Of the fundamental issues in biology that remain unresolved, one of the most prominent is that of the evolution of gene expression. Unlike proteins, in which conservation of function is largely reflected in conservation of primary sequence, conservation of function in the regulatory regions of genes seems to be maintained in the face of quite widely divergent primary sequence. Since the diversification of species depends much more on divergent gene expression than on divergent gene sequence (we famously share 95% of our genomic sequence with chimpanzees), the relationship of promoter structure to promoter function and the evolution of gene expression are a focus of considerable topical interest.
Earlier this year, we published a paper from Chan et al.  examining the relationship between conservation of gene expression and conservation of regulatory sequence in twenty tissues from three vertebrate species. They reported almost no conservation of associated noncoding sequence for genes with highly conserved expression patterns - a result that is consistent with accumulating evidence from other studies, discussed in the associated commentary from John Malone and Brian Oliver .
In this issue, Tirosh et al.  review recent studies in yeast aimed at identifying those properties of promoters that might account for the evolutionary divergence and the evolvability of gene expression, and focusing not on the primary sequence of regulatory regions but on their more general architectural properties and the relative contribution of regulatory DNA and the proteins that are required for its regulation.
The number of binding sites for regulatory proteins is larger in promoters of genes with divergent expression patterns, which does not seem hard to understand; and there are more bound nucleosomes, which is not so easy to understand (Tirosh et al. suggest more scope for regulation); and expression levels are noisier in genes in which they have diverged. But two of the conclusions reached by Tirosh et al. are particularly striking. The first is that divergence of expression patterns between different yeasts is associated with promoters that contain TATA boxes, a property generally associated with inducible rather than constitutive gene expression (an important association first noted by Struhl and colleagues ). The second is that it is mutations in proteins and not in regulatory DNA that chiefly accounts for expression divergence - although it is important to note here that we do not know the identity of the proteins: the experiments simply ask whether in a yeast hybrid the pattern of gene expression travels with the DNA containing the gene, or with the DNA of the other parent - that is, in the classical terminology, whether the effect is in cis or in trans.

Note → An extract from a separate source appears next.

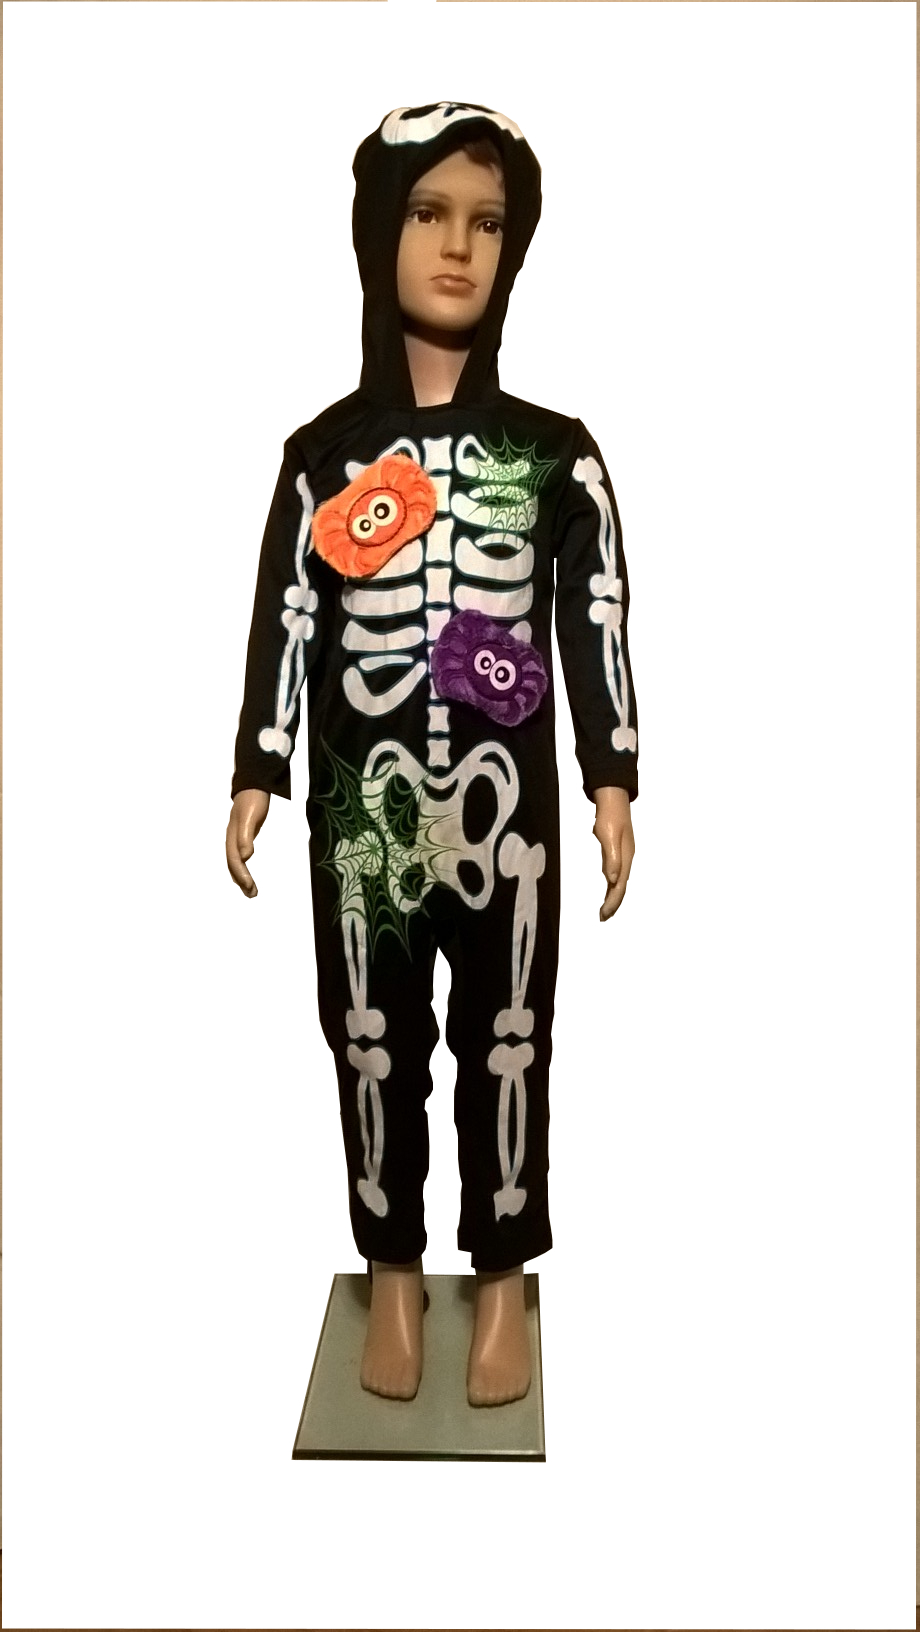 Helovino kostiumas vaikamas.  Skeleto kostiumas. Giltinės kostiumas. карнавальные костюмы для хэллоуина. кастюм смерт. КАРНАВАЛЬНЫЙ КОСТЮМ ПРИЗРАКА СМЕРТИ.  Karnavaliniu kostiumu nuoma vaikams Vilniuje - pasakunamai.lt

The predominance of trans effects is consistent with the intuitively reasonable idea, gaining general currency and rehearsed by Tirosh et al., that the divergence and indeed the evolvability of gene expression is associated with the responsiveness of promoters to varying input - for example, from signals from the environment. This of course also fits neatly with the association of divergent expression patterns with inducible genes.
The mechanisms associating promoter architecture with expression evolvability remain unknown. But it seems clear that the information available from genomic DNA alone, no matter how ingeniously analyzed, is unlikely to provide the answer.